The contradiction is “ There exists a bird that is non an animate being ” . If the contradiction is true, the original proposition ( and by extension the contrapositive ) is untrue. Here, of class, the contradiction is untrue.

SIMPLE PROOF

It appears clear that if something is in A, it must be in B, every bit good. We can paraphrase that as

It is besides clear that anything that is non within B can non be within A, either. This statement, is the contrapositive.
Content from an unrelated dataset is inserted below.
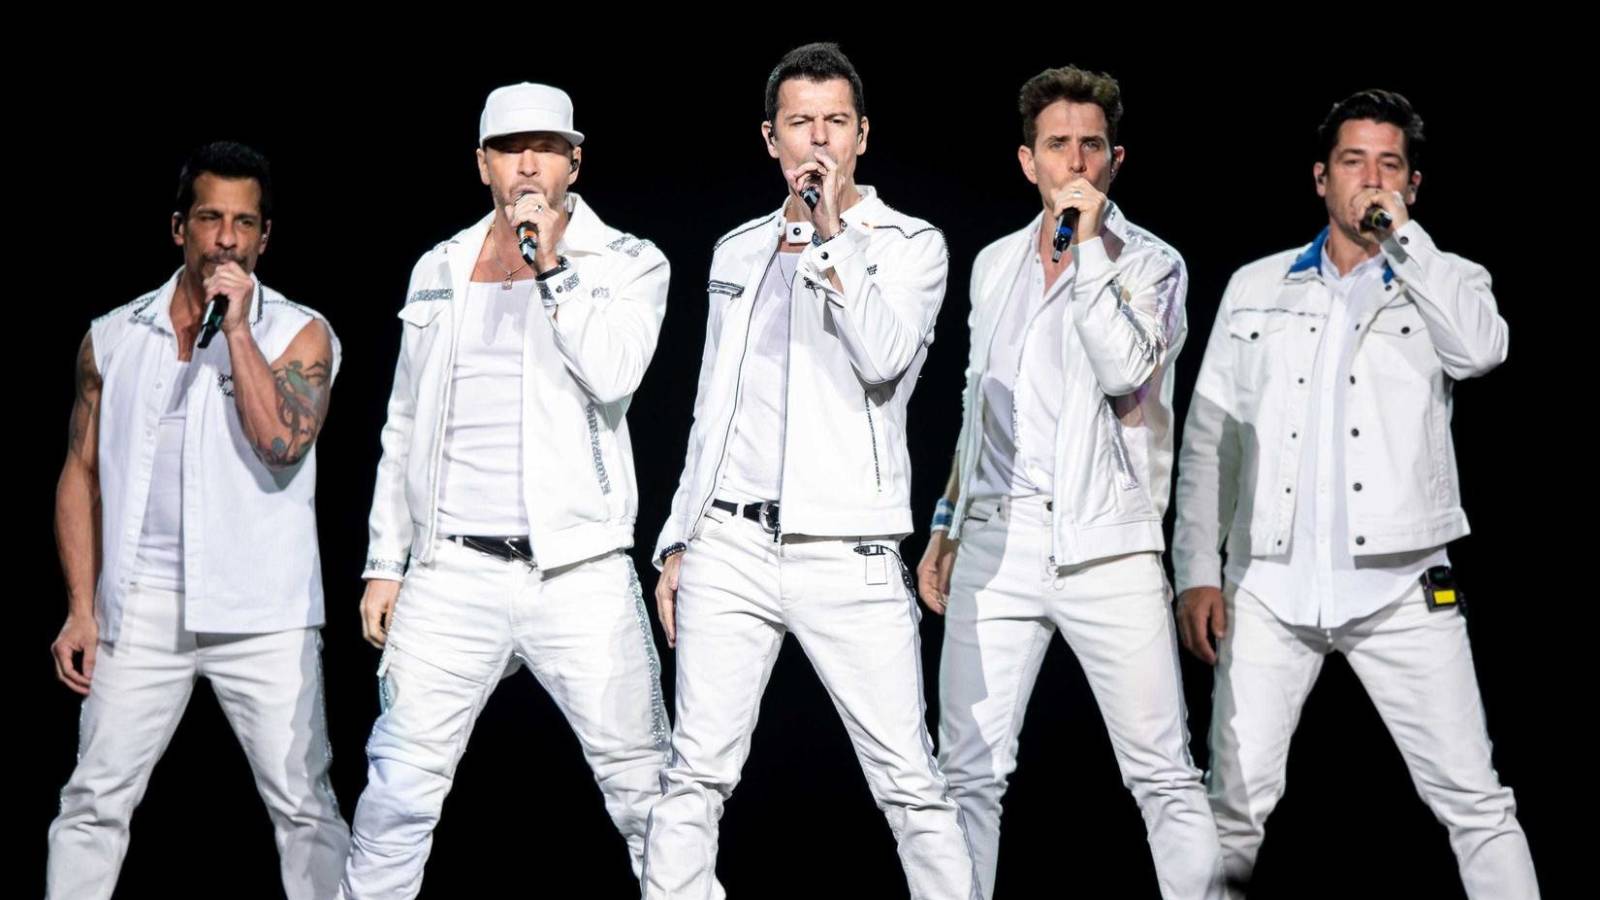 New Kids on the Block perform medley with Kelly Clarkson and Salt-N-Pepa.

Therefore we can state that,

aaˆ°A?

To reason, for ANY statement where A implies B, so not-B ALWAYS implies not-A. Proving or confuting either one of these statements automatically proves or disproves the other. They are absolutely logically tantamount.

SIMPLE DEFINITION

A proposition Q is implicated by a proposition P when the following relationship holds

In common footings, this states “ If P so Q ” , or, “ If Socrates is a adult male so Socrates is human. ” In a conditional such as this, P is called the ancestor and Q the consequent. One statement is the contrapositive of the other merely when its ancestor is the negated consequent of the other, and vice-versa. The contrapositive of the given illustration statement would be

That is, “ If not-Q so not-P ” , or more clearly, “ If Q is non the instance, so P is non the instance. ” Using our illustration, this is rendered “ If Socrates is non human, so Socrates is non a adult male. ” This statement is said to be contraposed to the original, and is logically tantamount to it. Due to their logical equality, saying one is efficaciously the same as saying the other, and where one is true, the other is besides true ( likewise with falseness ) .
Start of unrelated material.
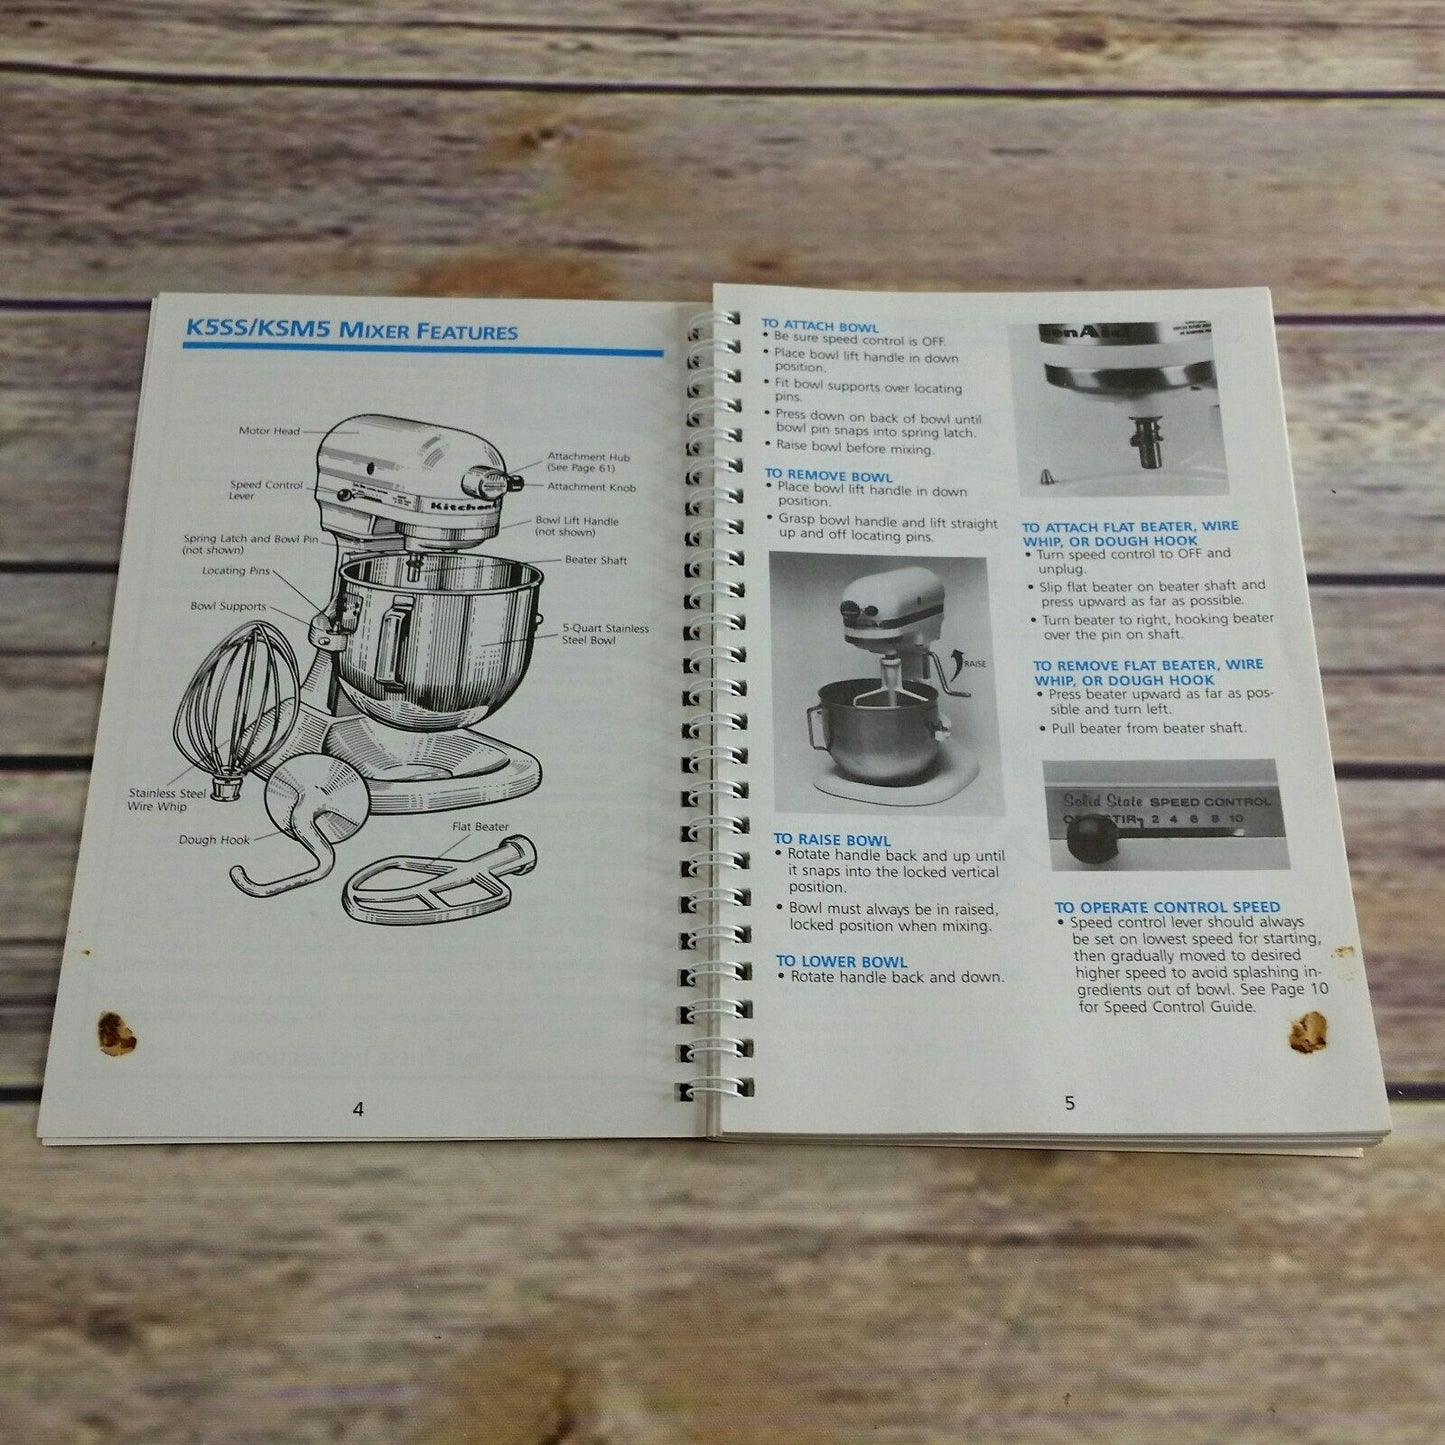 Vtg Kitchen Aid Mixers and Attachments Recipes and Instructions K45SS KSM90 K5SS KSM5 Manual Book Cookbook

Strictly, a contraposition can merely be in the above signifier of two simple conditionals. However, it is common to name two more complex statements contraposed if they are the same apart from incorporating a contraposition. Therefore, or “ All P ‘s are Q ‘s ” is contraposed to or “ All non-Q ‘s are non-P ‘s ” .

SIMPLE PROOF BY CONTRADICTION

Suppose that it is given that

This means that it is given that if A is true, so B is true, and it is besides given that B is non true. We can so demo that A must non be true by contradiction. For if A were true, so B would hold to besides be true ( given ) , but it has been given that B is non true, so we have a contradiction. Therefore A is non true ( presuming that we are covering with concrete statements that are either true or non true ) , and we have that

We can use the same procedure the other manner unit of ammunition. Let it be given that

We besides know that B is either true or non true. If B is non true, so A is besides non true. However, it has merely been given that A is true, so presuming that B is non true leads to contradiction and must be false. Therefore, B must be true, and we have proved that:

Uniting the two proved statements gives:

Which makes them logically tantamount.